Please forgive any follies, I am an R novice.

I have downloaded ~1000 GPL570 (Affymetrix U133 Plus 2) microarrays from GEO. Of these, 120 are not annotated with a gender. I want to use MassiR to predict the gender of my samples. However, I have some trouble loading the code. From looking up the error message (See below in bold and highlighted) on other places on this Forum, i gather that it may be due to:

A) Use of commas instead or periods in the values, or data being recognized as text rather than numbers. Or,

B) Plotting a figure consisting of NA (missing values)
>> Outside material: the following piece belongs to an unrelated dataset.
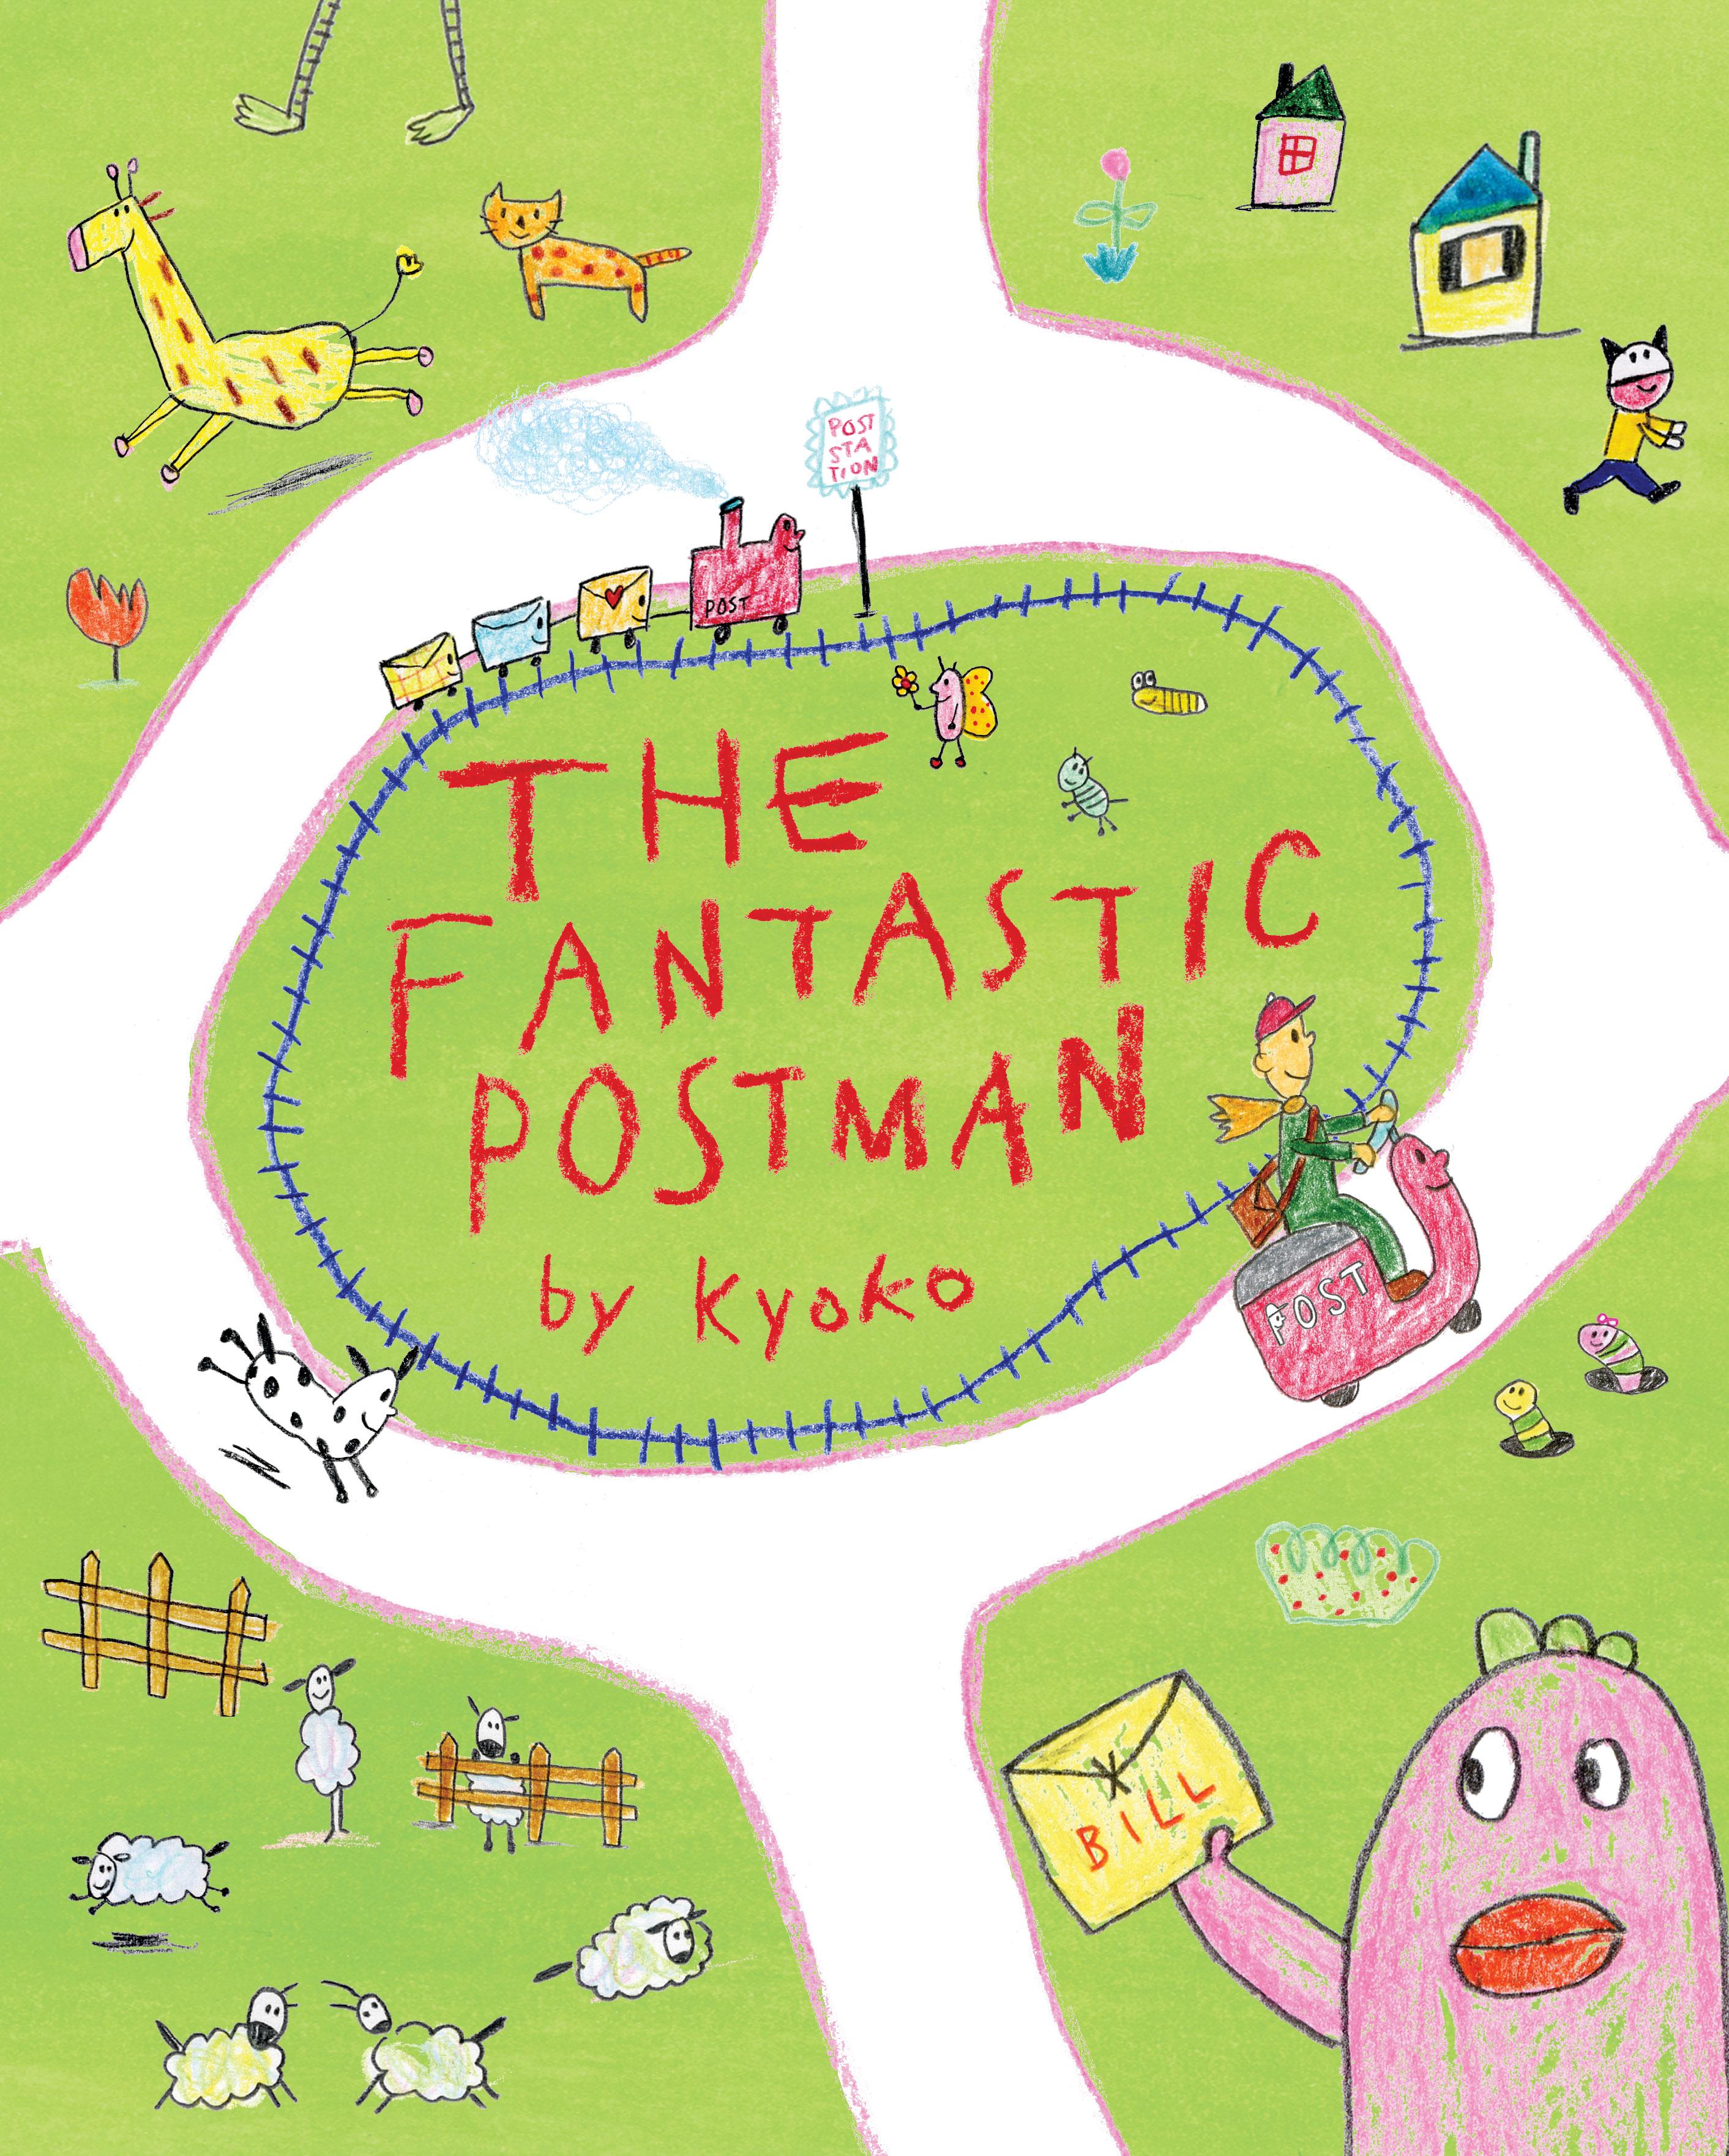 THE FANTASTIC POSTMAN

I understand that subsequent errors are probably generated because in the output from "massi.y.out" is taken as an input. The ">massi_y_plot(massi.y.out)" returned empty.

 

Thank you for your help,

Tristan


 

> library(massiR)

Loading required package: cluster

Loading required package: gplots

Attaching package: ‘gplots’

The following object is masked from ‘package:stats’:

    lowess

Loading required package: diptest

> data(massi.eset)

> data(y.probes)

> probes <-

+ y.probes$affy_hg_u133_plus_2

> rownames(probes)

 [1] "1565320_at"   "224143_at"    "224142_s_at"  "233151_s_at"  "234309_at"   

 [6] "217261_at"    "216665_s_at"  "216673_at"    "243384_at"    "216374_at"   

[11] "207893_at"    "201909_at"    "207246_at"    "230760_at"    "207247_s_at" 

[16] "233178_at"    "217049_x_at"  "211227_s_at"  "210292_s_at"  "207918_s_at" 

[21] "217160_at"    "208220_x_at"  "211462_s_at"  "214983_at"    "228492_at"   

[26] "206624_at"    "208805_at"    "216376_x_at"  "216786_at"    "235941_s_at" 

[31] "205001_s_at"  "1570360_s_at" "205000_at"    "1570359_at"   "208339_at"   

[36] "211149_at"    "208067_x_at"  "210322_x_at"  "224007_at"    "211460_at"   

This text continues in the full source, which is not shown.